OAuth Users Need Onboarding Gates
When users can sign up via OAuth (Google, Apple, etc.), they bypass your signup form — and any required fields on it. If your app requires data that OAuth doesn't provide (a phone number, a company name, a role), you need a gate between login and the main app that collects it before proceeding.
Tags
OAuth Users Need Onboarding Gates
The Lesson
When users can sign up via OAuth (Google, Apple, etc.), they bypass your signup form — and any required fields on it. If your app requires data that OAuth doesn't provide (a phone number, a company name, a role), you need a gate between login and the main app that collects it before proceeding.
Context
MyReachBand requires a verified phone number to create bracelets. Users who sign up with email+password provide their phone during signup. Users who sign up with Google OAuth don't — Google only gives you an email and a name. Without a gate, OAuth users land on the dashboard and crash when they try to create a bracelet (the phone field is empty).
What Happened
- Built Google OAuth: click "Continue with Google," select account, user is created with email and empty phone, redirect to
/dashboard. - Dashboard loaded fine (no phone needed to list bracelets). But creating a bracelet crashed — the form pre-populates the phone field from
user.phone, which was empty. - First fix attempt: the Worker crashed with Error 1101 because the
INSERTstatement hit aNOT NULLconstraint on a different field. Hard to diagnose because the error was generic. - Added a gate: after authentication, check
if (!user.phone). If true, redirect to/setup-phoneinstead of/dashboard. - The
/setup-phonepage says "One more step" — enter phone, verify via SMS code, then proceed to dashboard. - The gate checks on every authenticated request, not just after login. This catches edge cases like a user whose phone was deleted or a database migration that cleared the field.
Key Insights
- Check on every request, not just after login. Putting the gate only in the OAuth callback misses users who were created in a previous session, users whose required data was later invalidated, and edge cases from database migrations.

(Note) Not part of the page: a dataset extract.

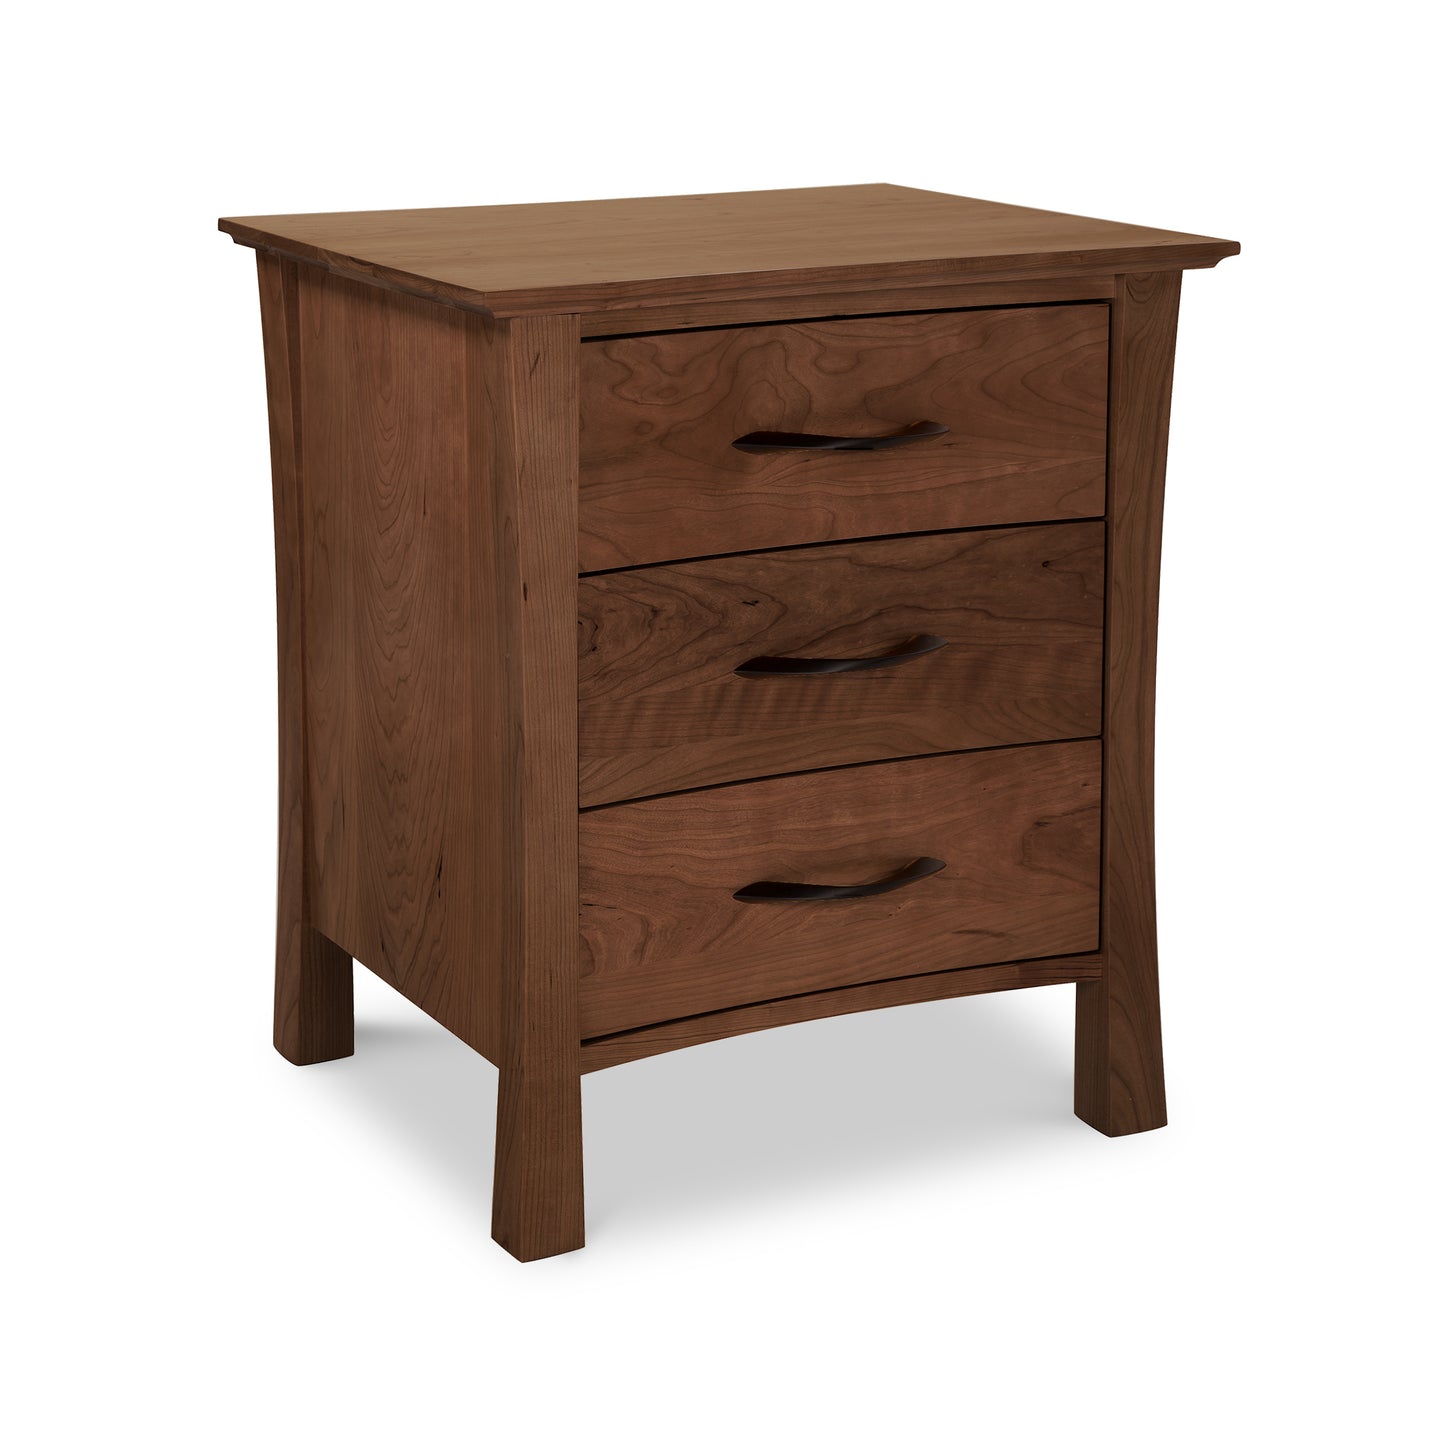 A Green Mountain 3-Drawer Nightstand by Lyndon Furniture on a white background.
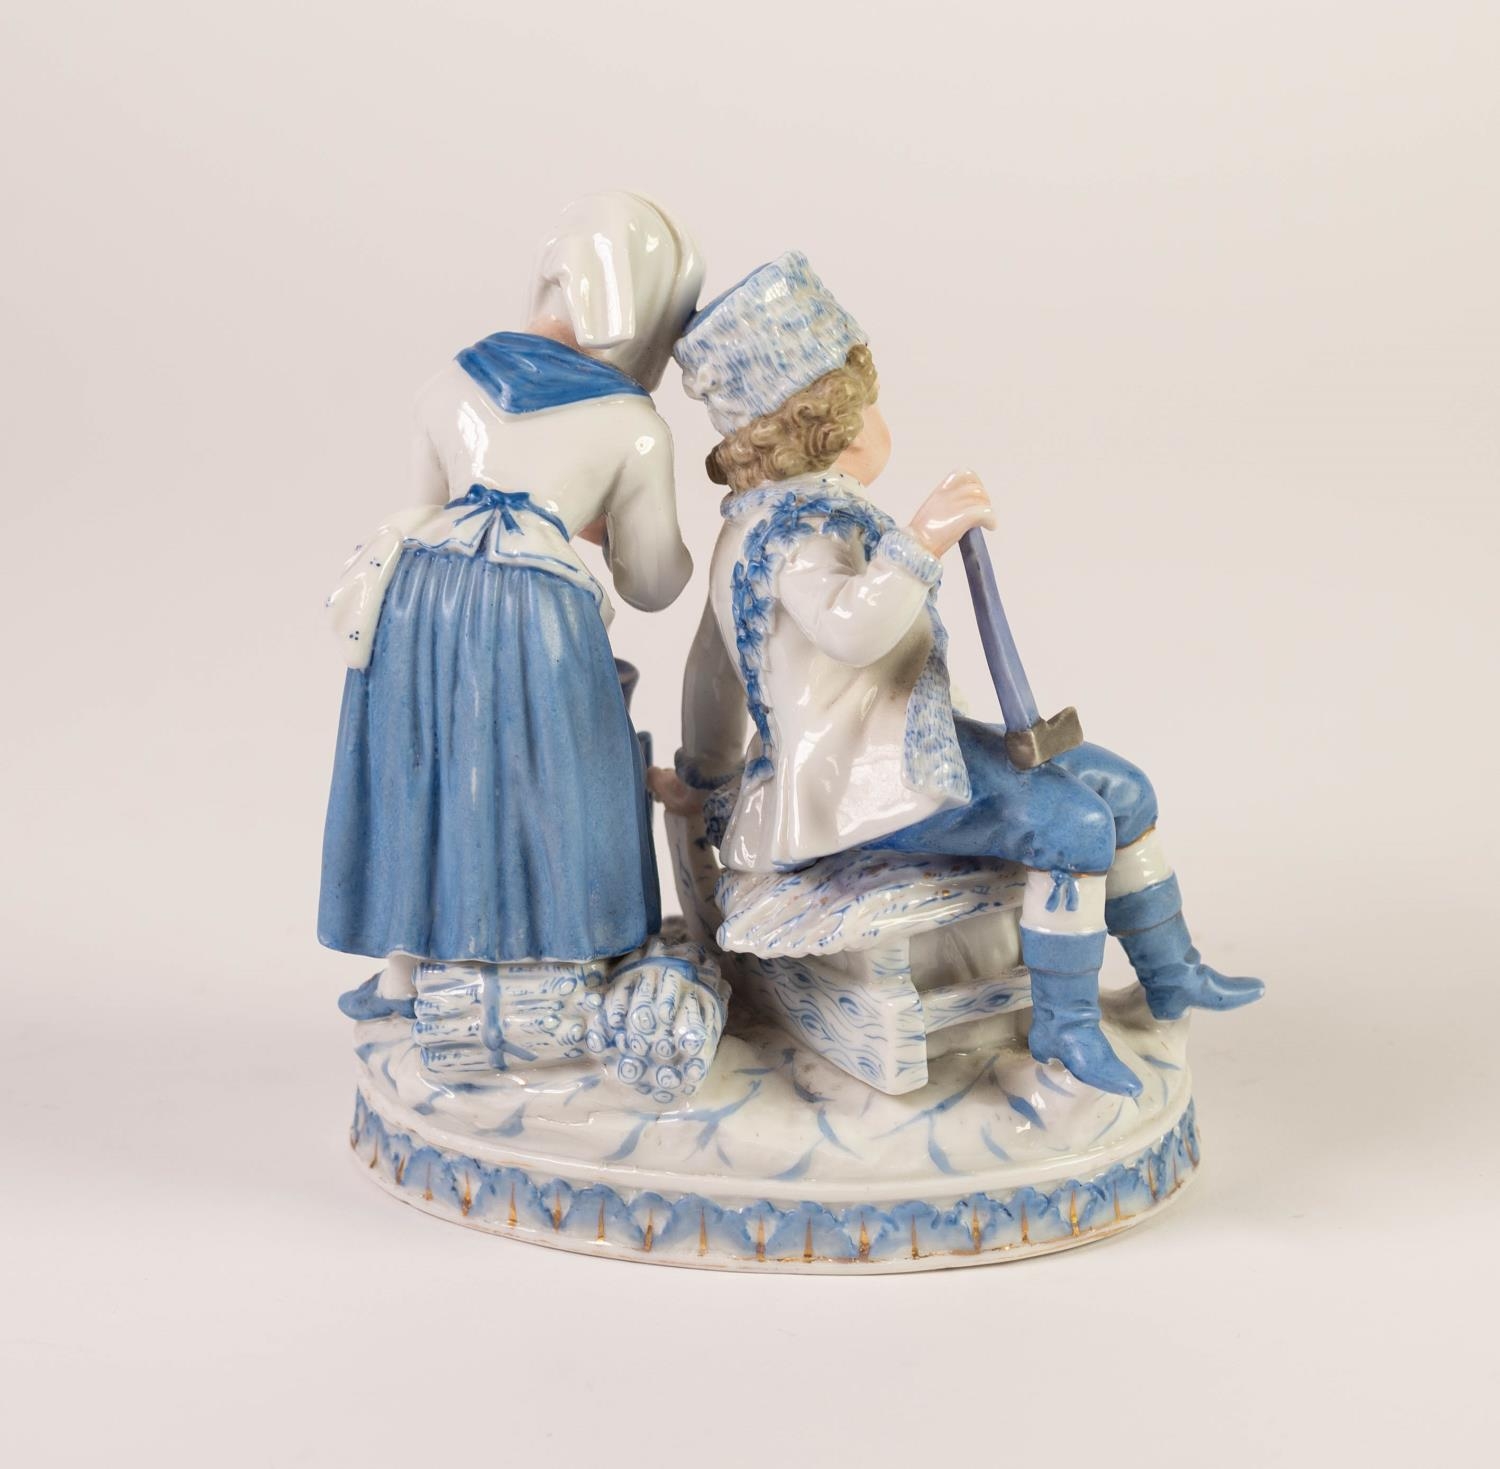 19th CENTURY GIULIO RICHARD, MILAN, PORCELAIN GROUP EMBLEMATIC OF WINTER, possibly from a set of - Image 2 of 3

- The gate must allow its own routes through. The phone check
if (!user.phone)must exempt/setup-phoneand/setup-phone/verify— otherwise the user is stuck in an infinite redirect loop. - Use the same verification flow. The
/setup-phonepage reuses the same Twilio Verify flow as signup. Don't build a separate system — it's the same form, the same SMS code, the same verification logic. - OAuth providers give you less than you think. Google gives: email, name, profile picture, locale. Google does NOT give: phone number, address, employer, or any custom field your app needs. Plan for this at design time, not after launch.
- Frame it as onboarding, not an error. "One more step" with a clear explanation ("This becomes the default contact on your bracelets") is better than "Error: phone number required."
Examples
The gate pattern
const user = await getUser(cookieHeader, secret, db);
if (!user) return redirect("/login");
// Gate: required fields must exist before accessing the app
if (!user.phone && path !== "setup-phone" && path !== "setup-phone/verify") {
return redirect("/setup-phone");
}
// ... normal route handling
What NOT to do
// Only checking in the OAuth callback — misses returning users
if (path === "login/google/callback") {
const user = createOrFindUser(googleEmail);
if (!user.phone) return redirect("/setup-phone"); // Only fires once!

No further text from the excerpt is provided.